Work to be completed:
Take the material below and output exactly the run of lines from the one containing "2024 Distribution Announcement!*" down to the one containing "Thursday, May 16th, 5:30pm&mdash;8:30", with both included.

Given information:

..............................

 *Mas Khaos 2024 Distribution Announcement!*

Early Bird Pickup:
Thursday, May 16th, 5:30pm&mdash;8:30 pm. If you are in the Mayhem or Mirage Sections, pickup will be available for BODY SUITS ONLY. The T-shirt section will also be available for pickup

..............................

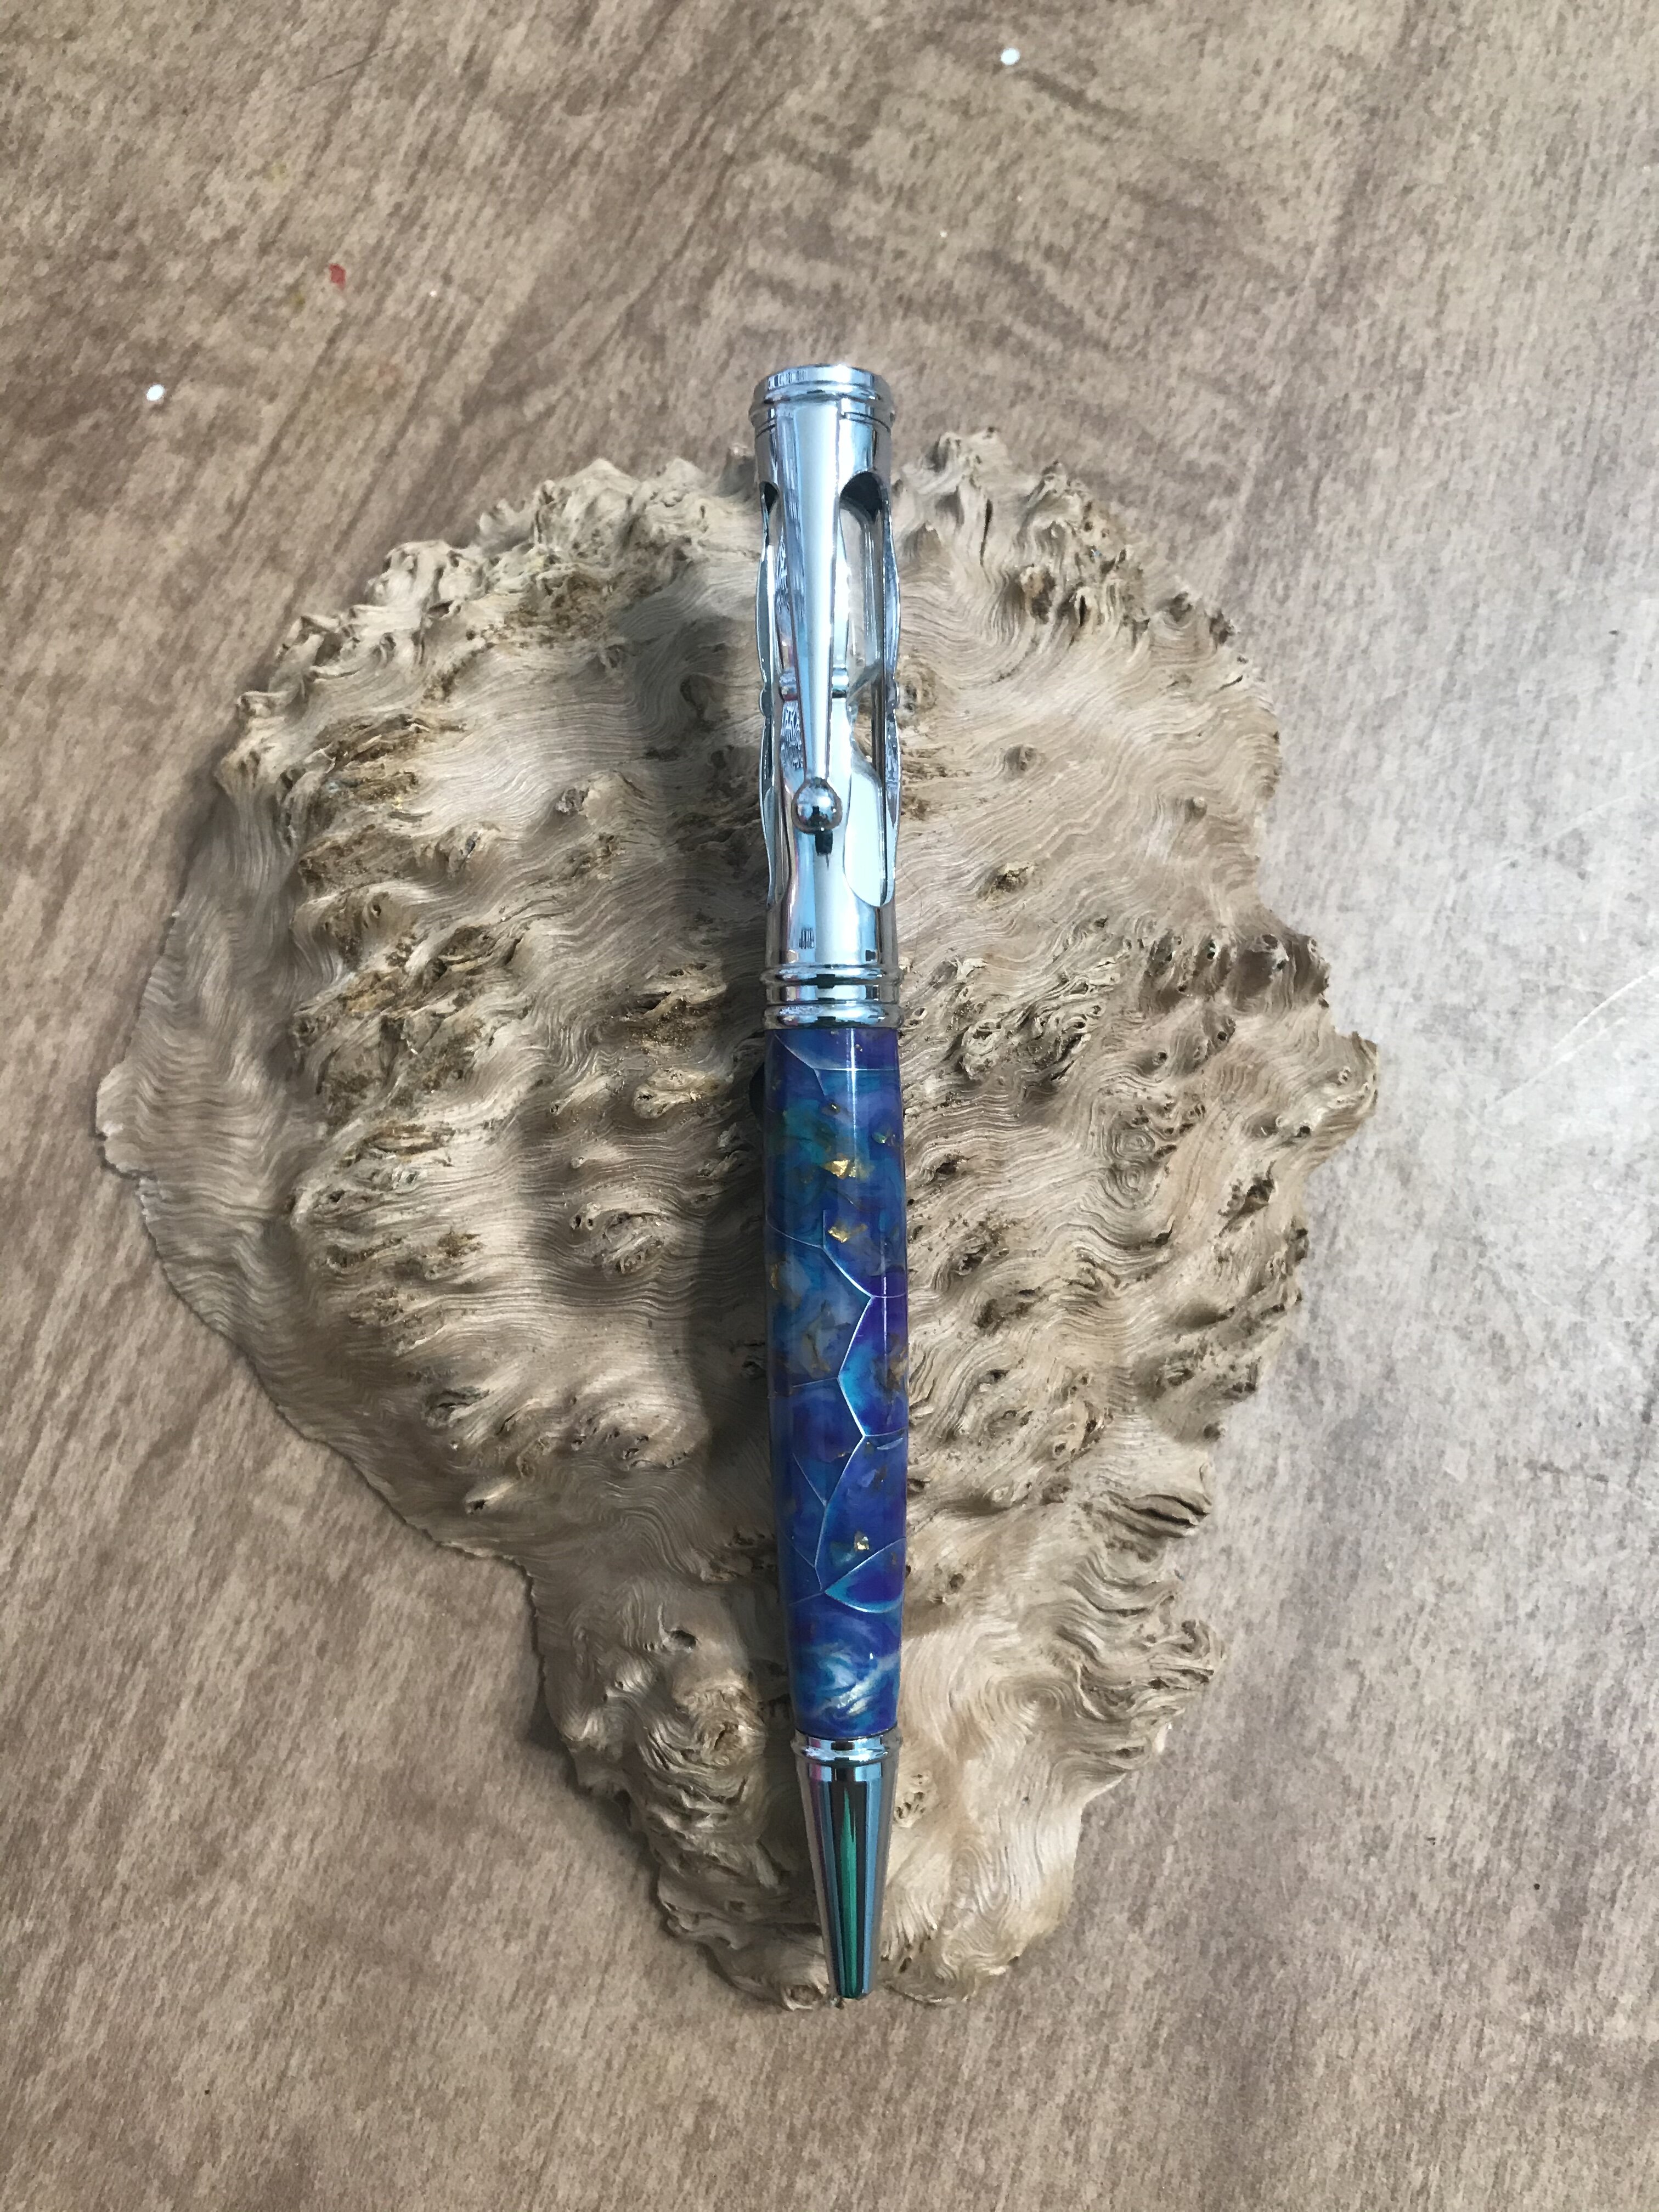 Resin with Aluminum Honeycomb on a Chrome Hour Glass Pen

..............................

Your response:
 *Mas Khaos 2024 Distribution Announcement!*

Early Bird Pickup:
Thursday, May 16th, 5:30pm&mdash;8:30 pm. If you are in the Mayhem or Mirage Sections, pickup will be available for BODY SUITS ONLY. The T-shirt section will also be available for pickup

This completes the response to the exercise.